WHAT TO WORK ON -
Look in the material below for the line holding "Gráfica urbana I". Set it down exactly, with each later line up to and including the line holding "Генеральная карта Вятской".

SUPPLIED RECORDS -
──────

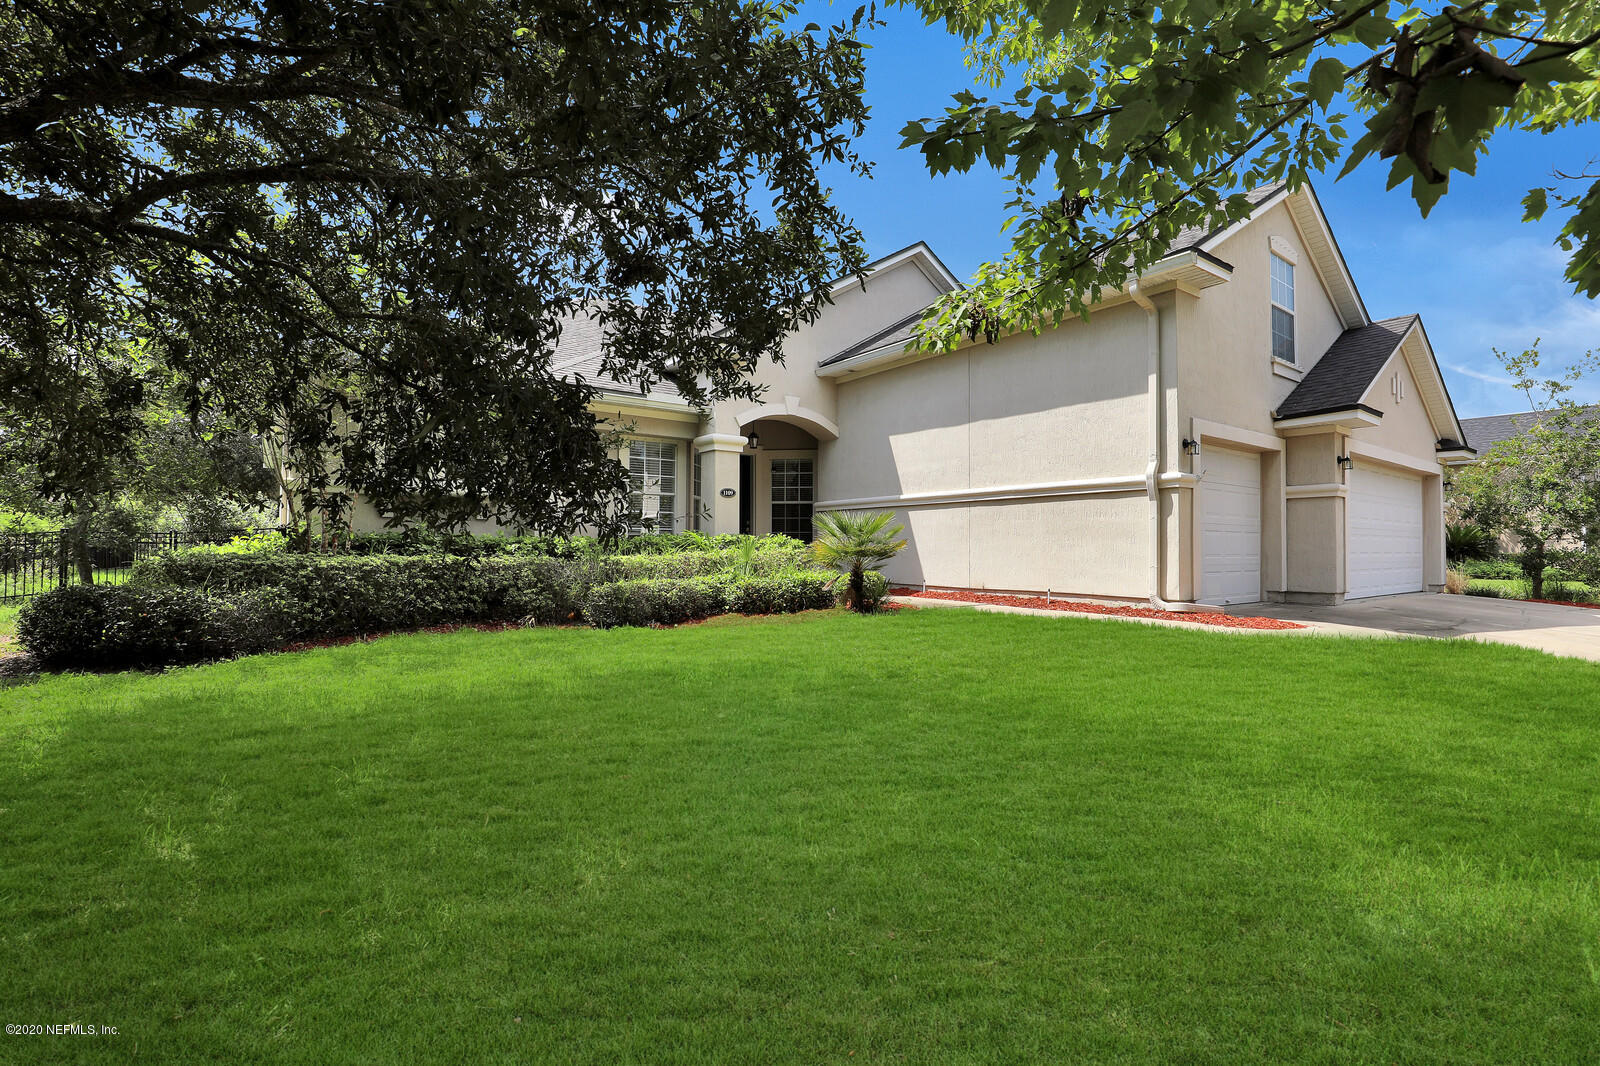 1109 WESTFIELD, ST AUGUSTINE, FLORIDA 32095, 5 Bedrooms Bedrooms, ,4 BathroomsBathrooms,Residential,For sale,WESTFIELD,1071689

──────

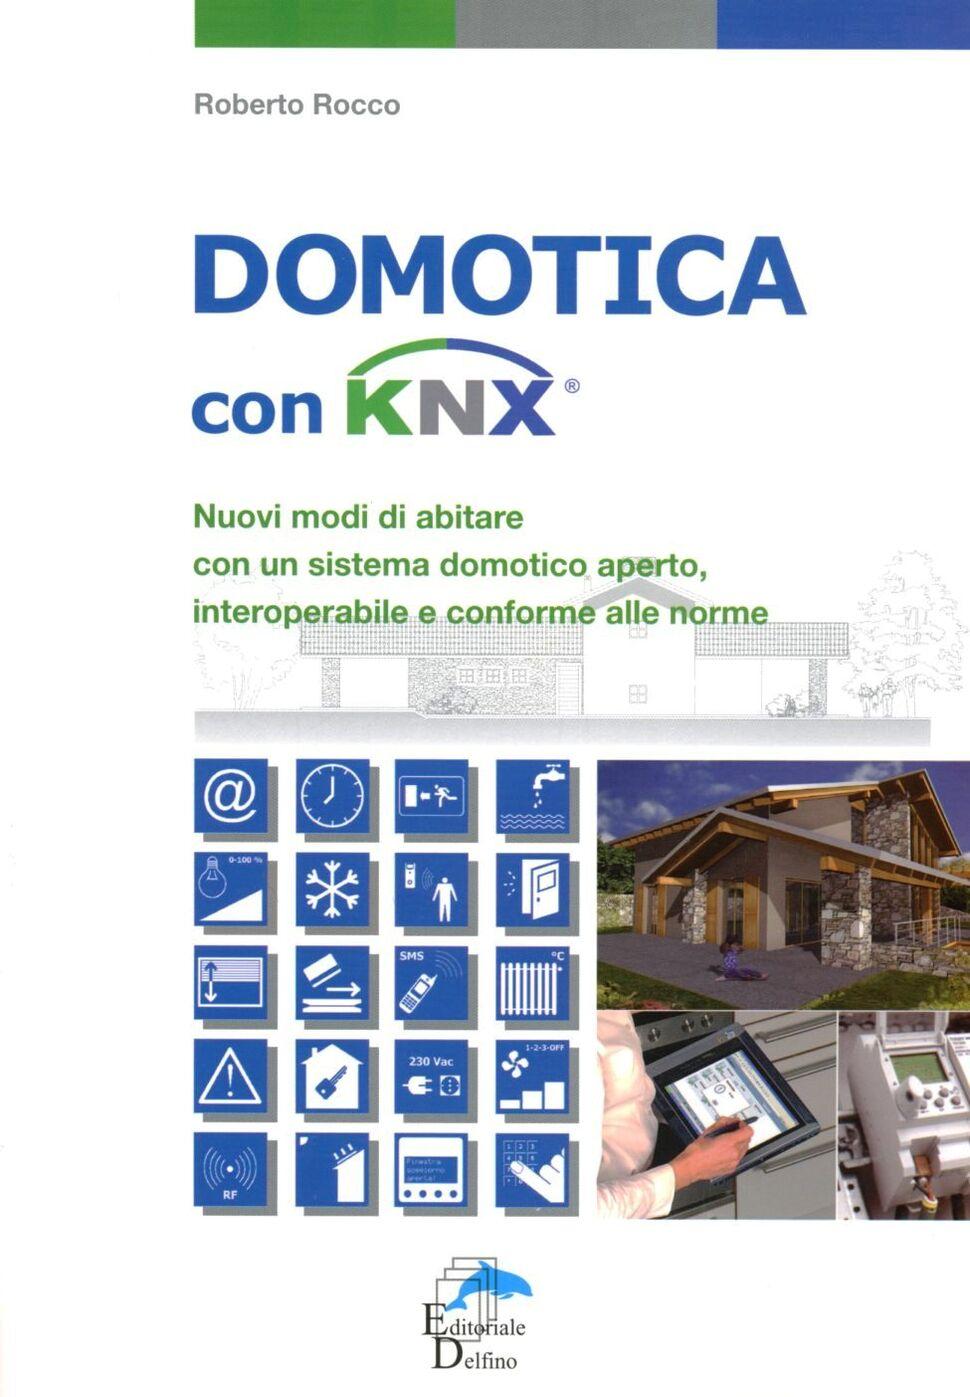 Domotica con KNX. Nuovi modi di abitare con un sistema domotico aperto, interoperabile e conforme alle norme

──────

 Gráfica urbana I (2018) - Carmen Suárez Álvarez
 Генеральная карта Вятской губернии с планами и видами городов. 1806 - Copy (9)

──────

YOUR SOLUTION -
 Gráfica urbana I (2018) - Carmen Suárez Álvarez
 Генеральная карта Вятской губернии с планами и видами городов. 1806 - Copy (9)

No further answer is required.